■ Exercise
Reproduce the listing that follows in full. Omit its images.

■ Raw data
╔══
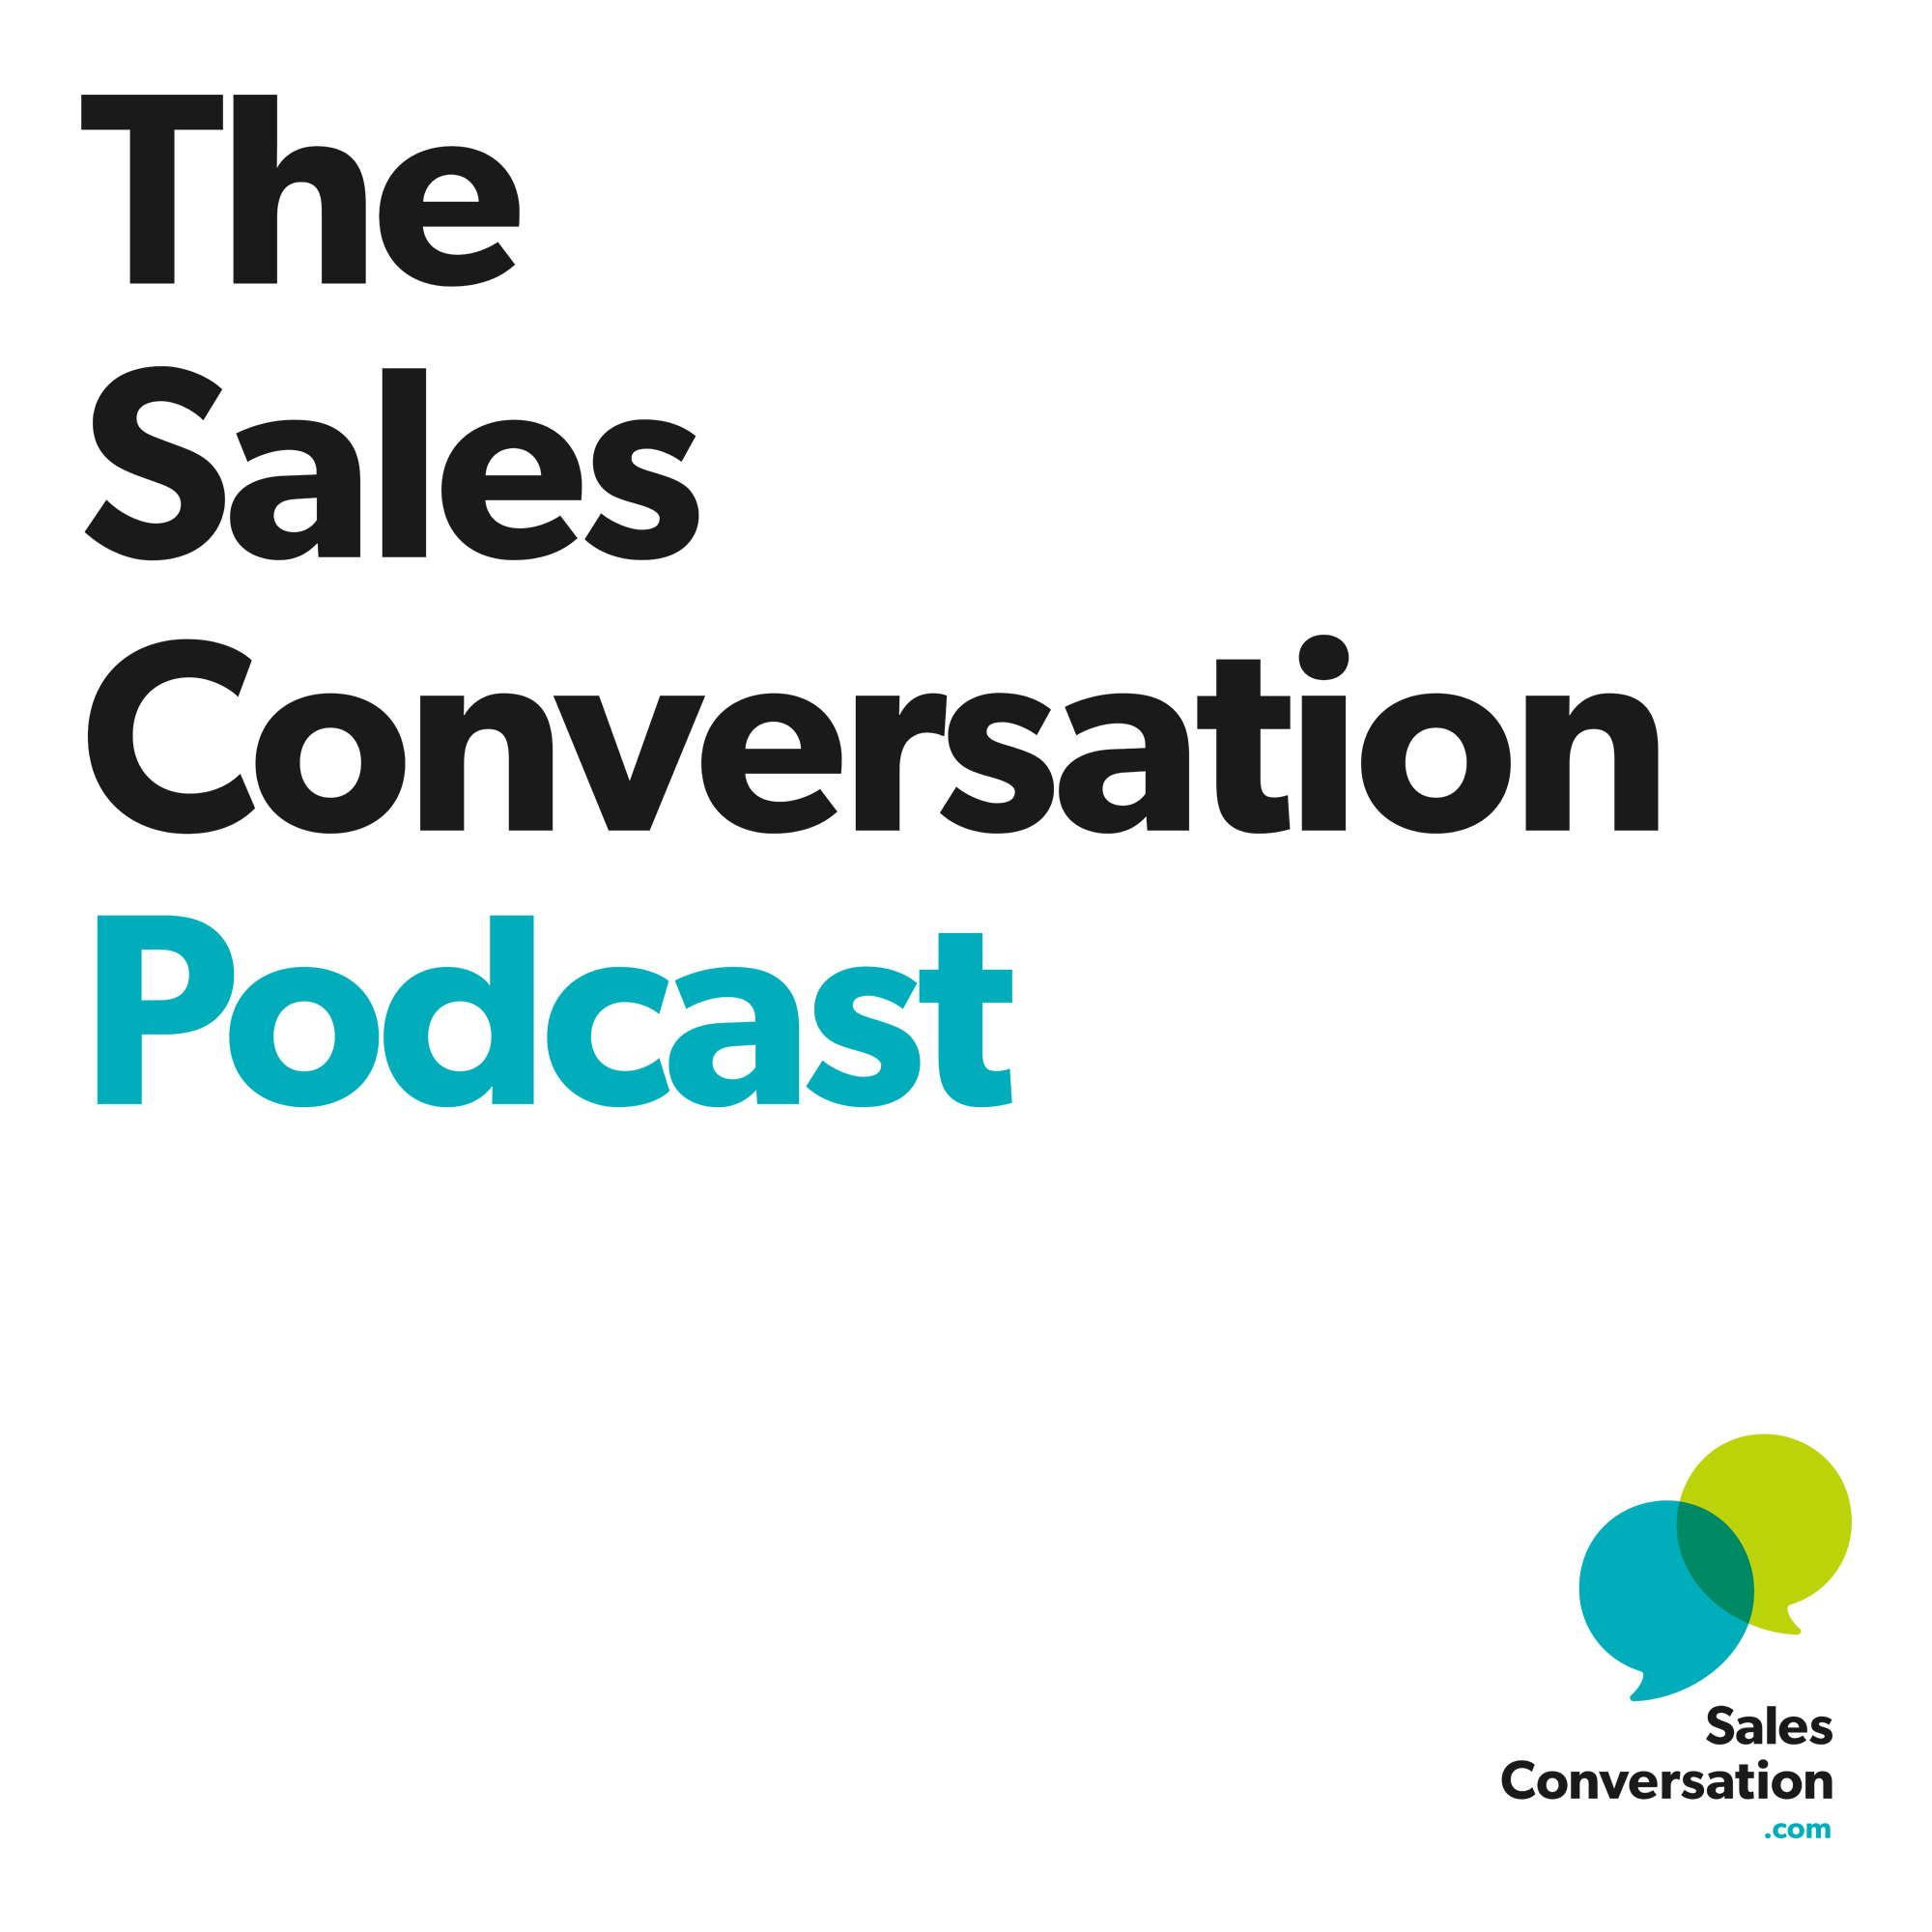 The Sales Conversation Podcast show art
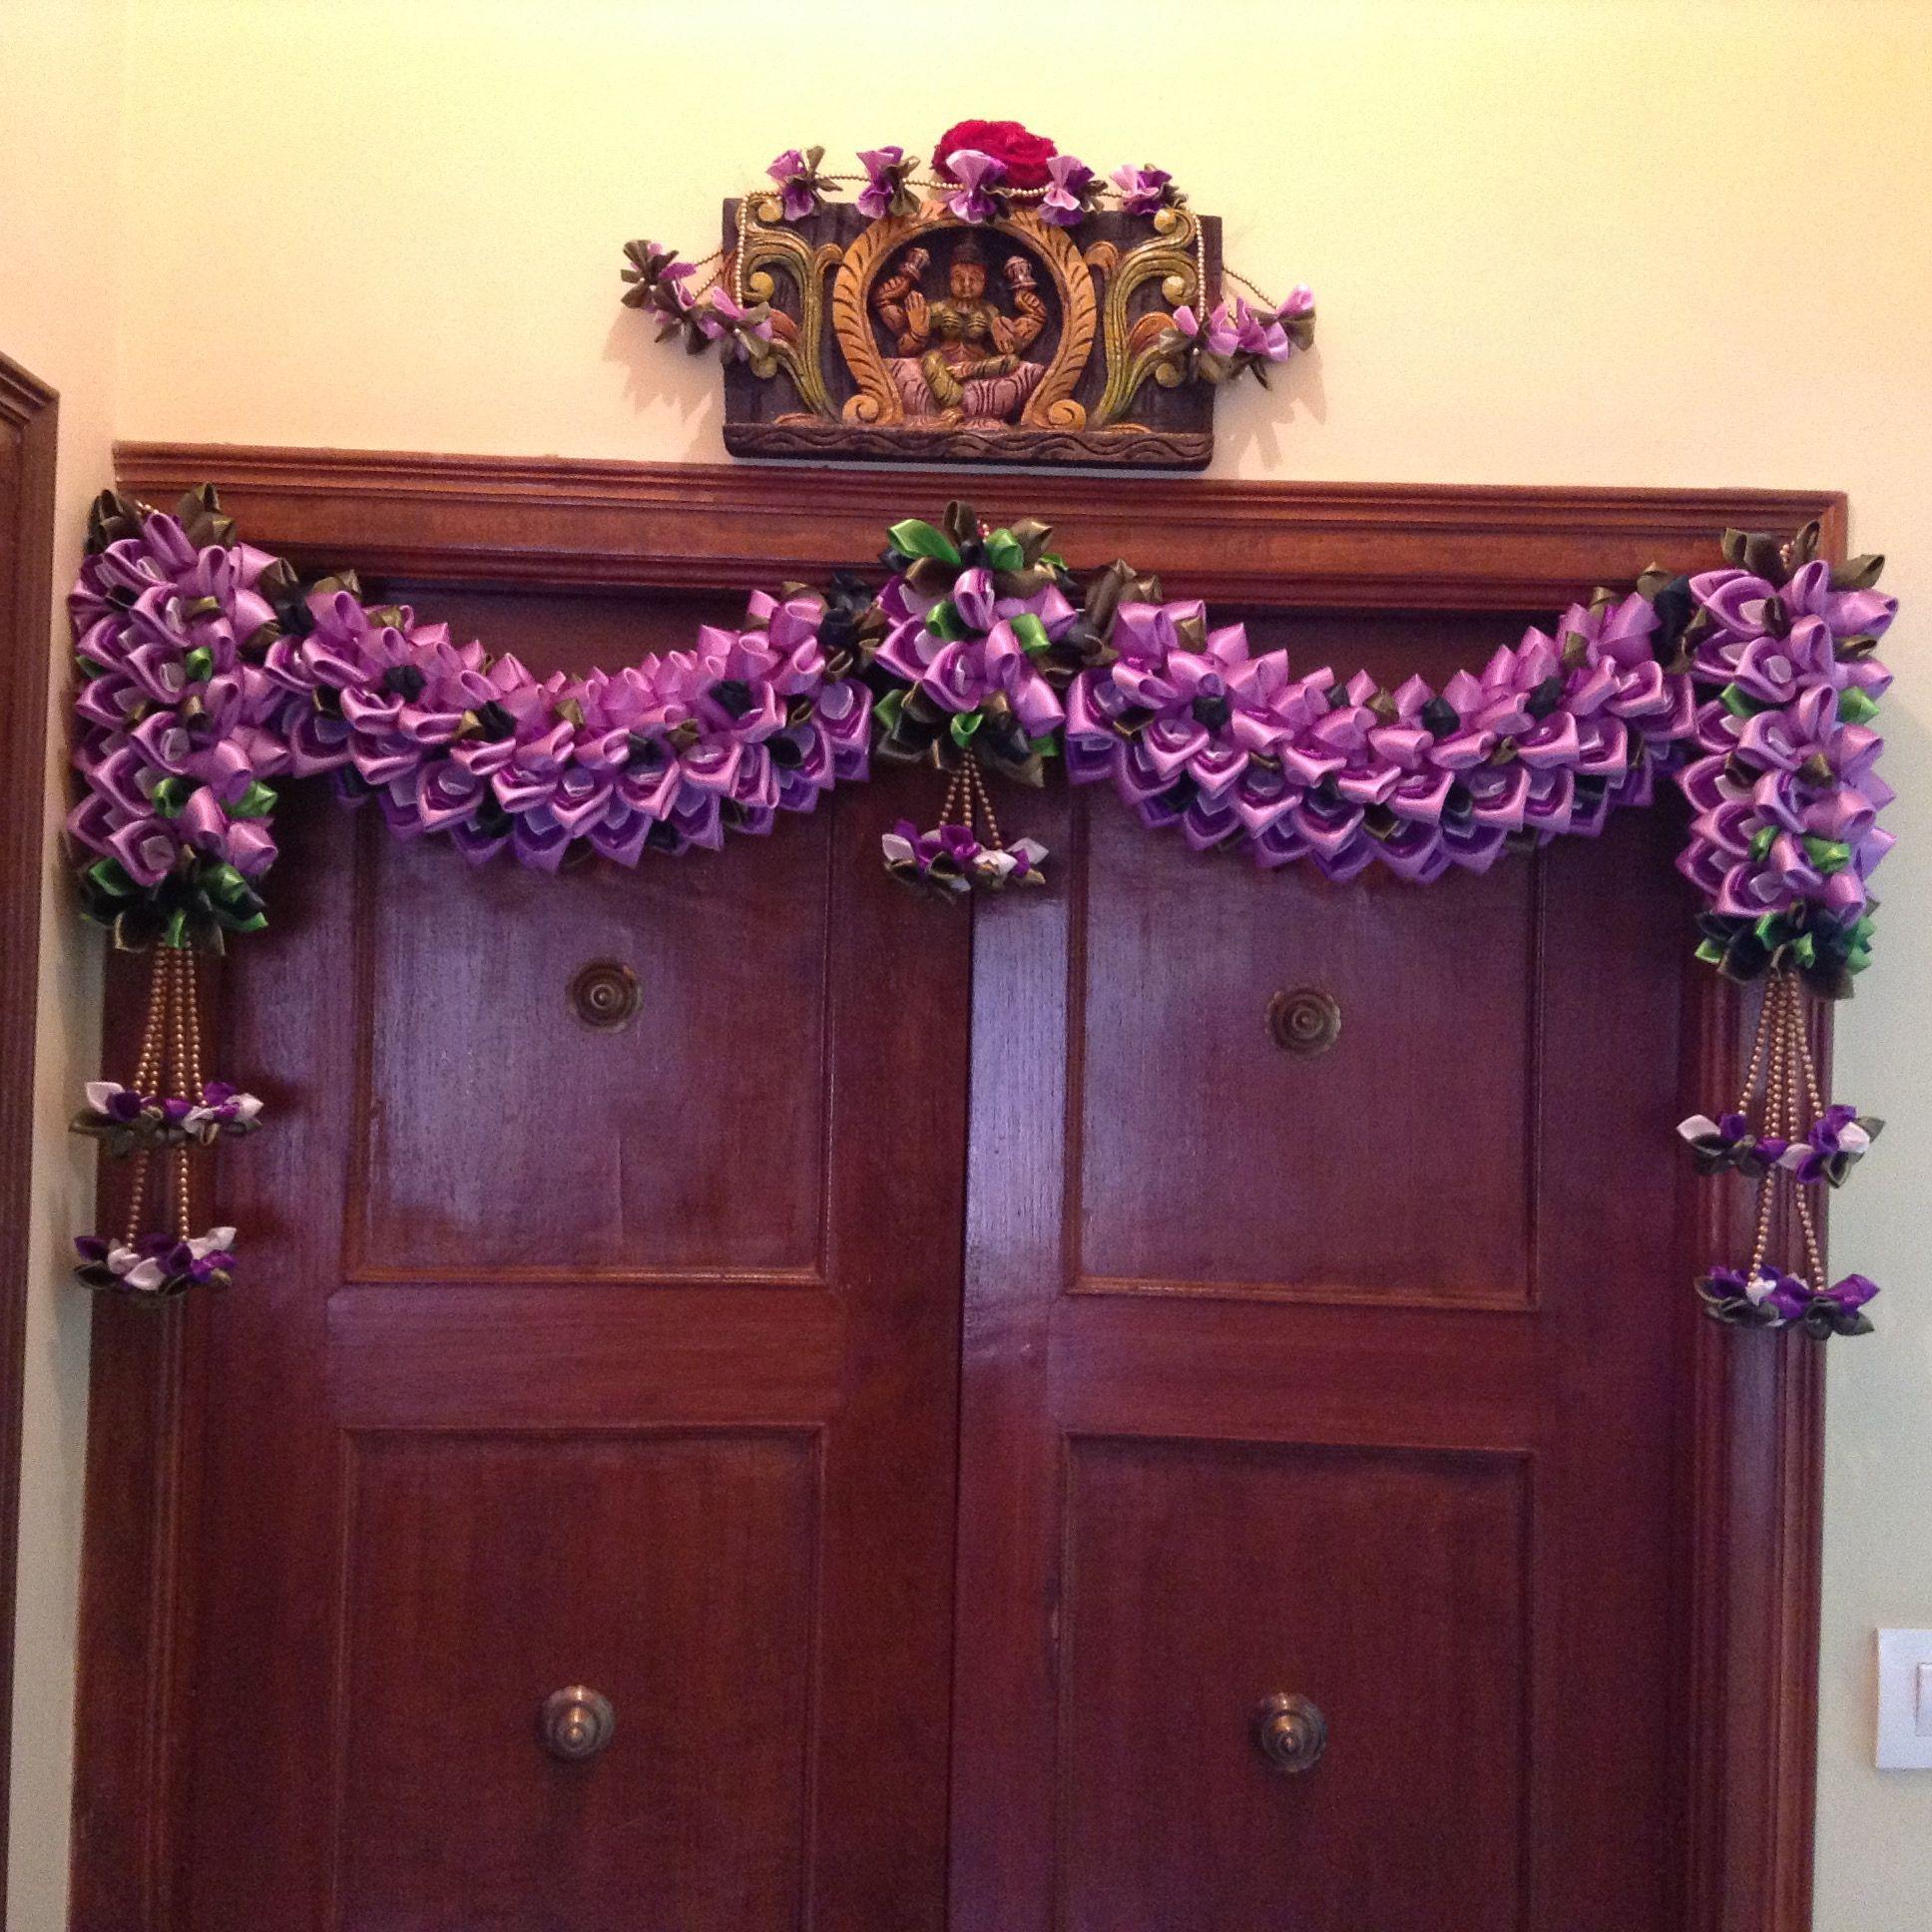 Door Hanging Designs door hanging decorative five hand painted elephant stringed together with beads and brass bell Shivratri 2017 Door Hanging
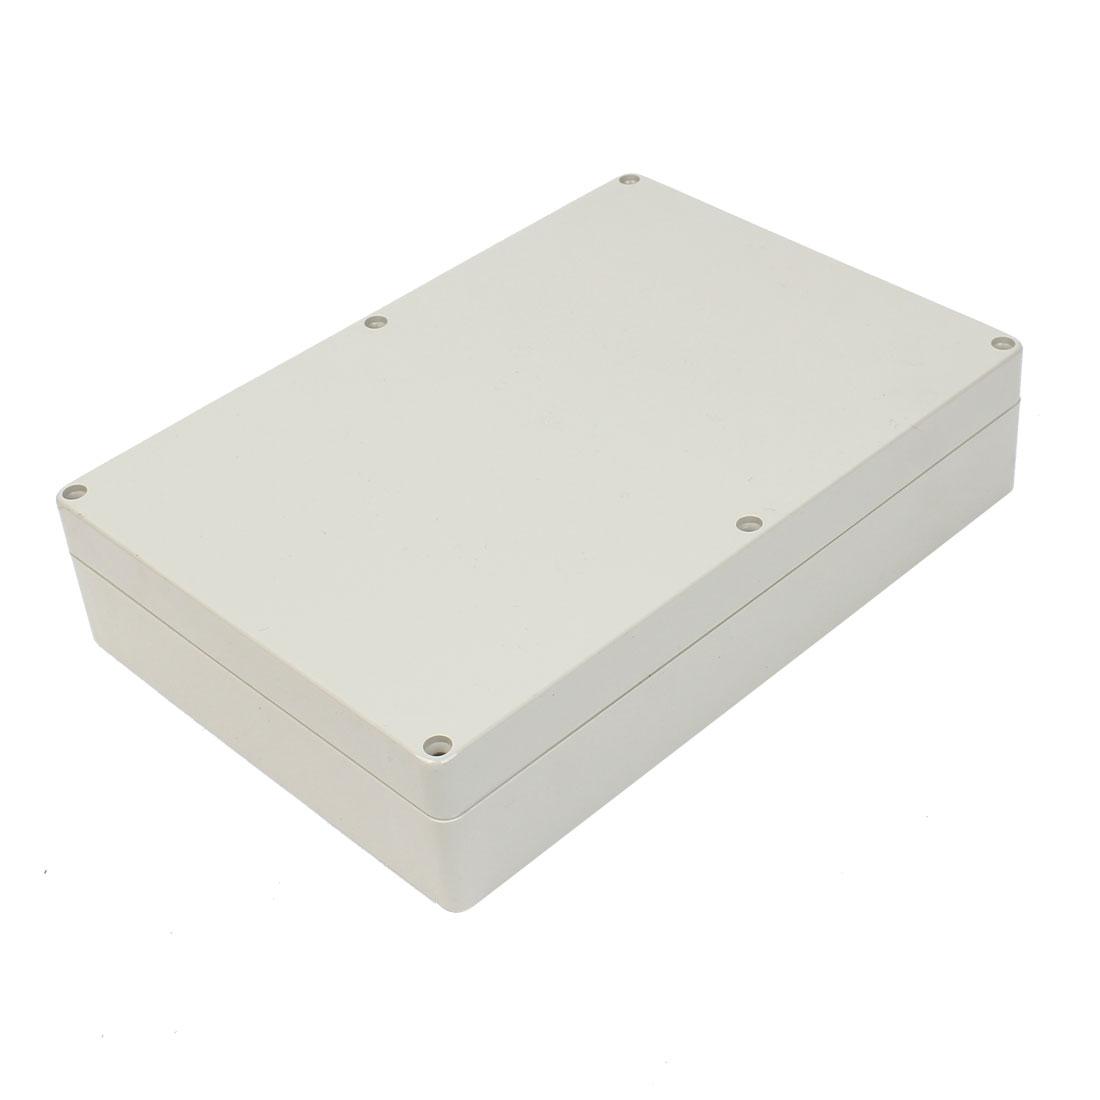 Rectangular Plastic DIY Junction Box Case 265 x 185 x 60mm
╚══
■ Result
 The Sales Conversation Podcast show art
 Door Hanging Designs door hanging decorative five hand painted elephant stringed together with beads and brass bell Shivratri 2017 Door Hanging
 Rectangular Plastic DIY Junction Box Case 265 x 185 x 60mm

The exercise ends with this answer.